Molecular characterization of taxane resistance in head and neck cancer
Nerea Gestoso Uzal
Centro de Investigación del Cáncer (CSIC-Universidad de Salamanca)
Head and neck squamous cell carcinoma (HNSCC) includes epithelial malignancies of the upper aerodigestive tract. The current standard treatment in locally advanced stages is chemo-radiotherapy with taxanes, cisplatin and 5-fluorouracil. However, the emergence of resistance in certain patient subgroups results in early therapeutic failure and poor prognosis, highlighting the urgent need for response biomarkers and effective treatment alternatives. Our research focuses on the characterization of the molecular mechanisms underlying taxane resistance and the identification of novel therapeutic options using cell line models.

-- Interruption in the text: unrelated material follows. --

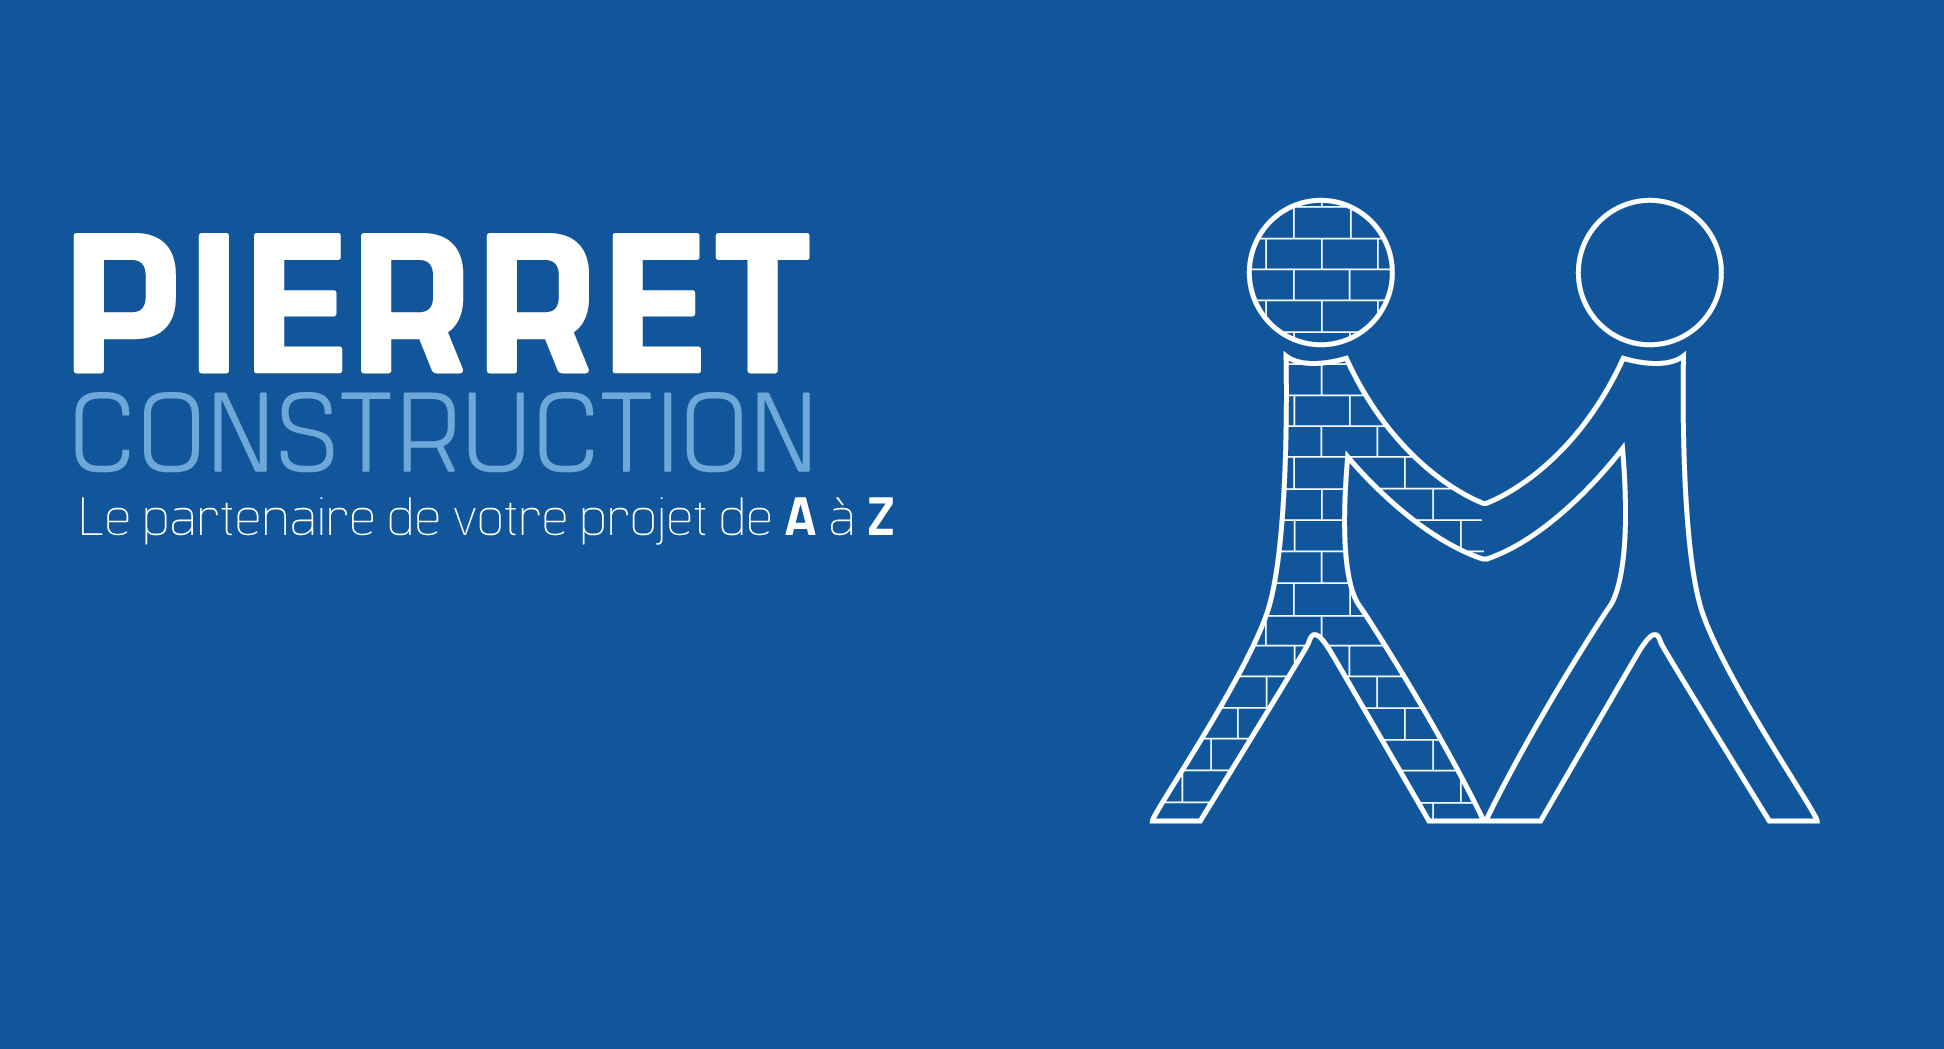 Pierret Construction - Le partenaire de votre projet de A à Z

For this purpose, we successfully established two taxane-resistant HNSCC cell lines. We identified a significant MDR1 overexpression and a pronounced decrease in MCJ expression in resistant cells. MCJ is a negative regulator of mitochondrial respiration, and the absence of its expression may contribute to drug efflux pumps' enhanced activity, such as MDR1, by allowing the synthesis of large ATP amounts. These two alterations, taken together, could potentially constitute a taxane response biomarker in HNSCC.
Notably, taxane-resistant cells presented an increased sensitivity to the rest of the conventional treatments, including cisplatin, 5-FU and radiation. Furthermore, a novel antimitotic agent seems to be an effective therapeutic alternative as a substitute for taxanes within the combined radio-chemotherapy.
Altogether, our findings provide valuable insights into the molecular biology of taxane-resistant HNSCC, that could help to optimize the diagnosis and the therapeutic strategies for this particular subset of patients.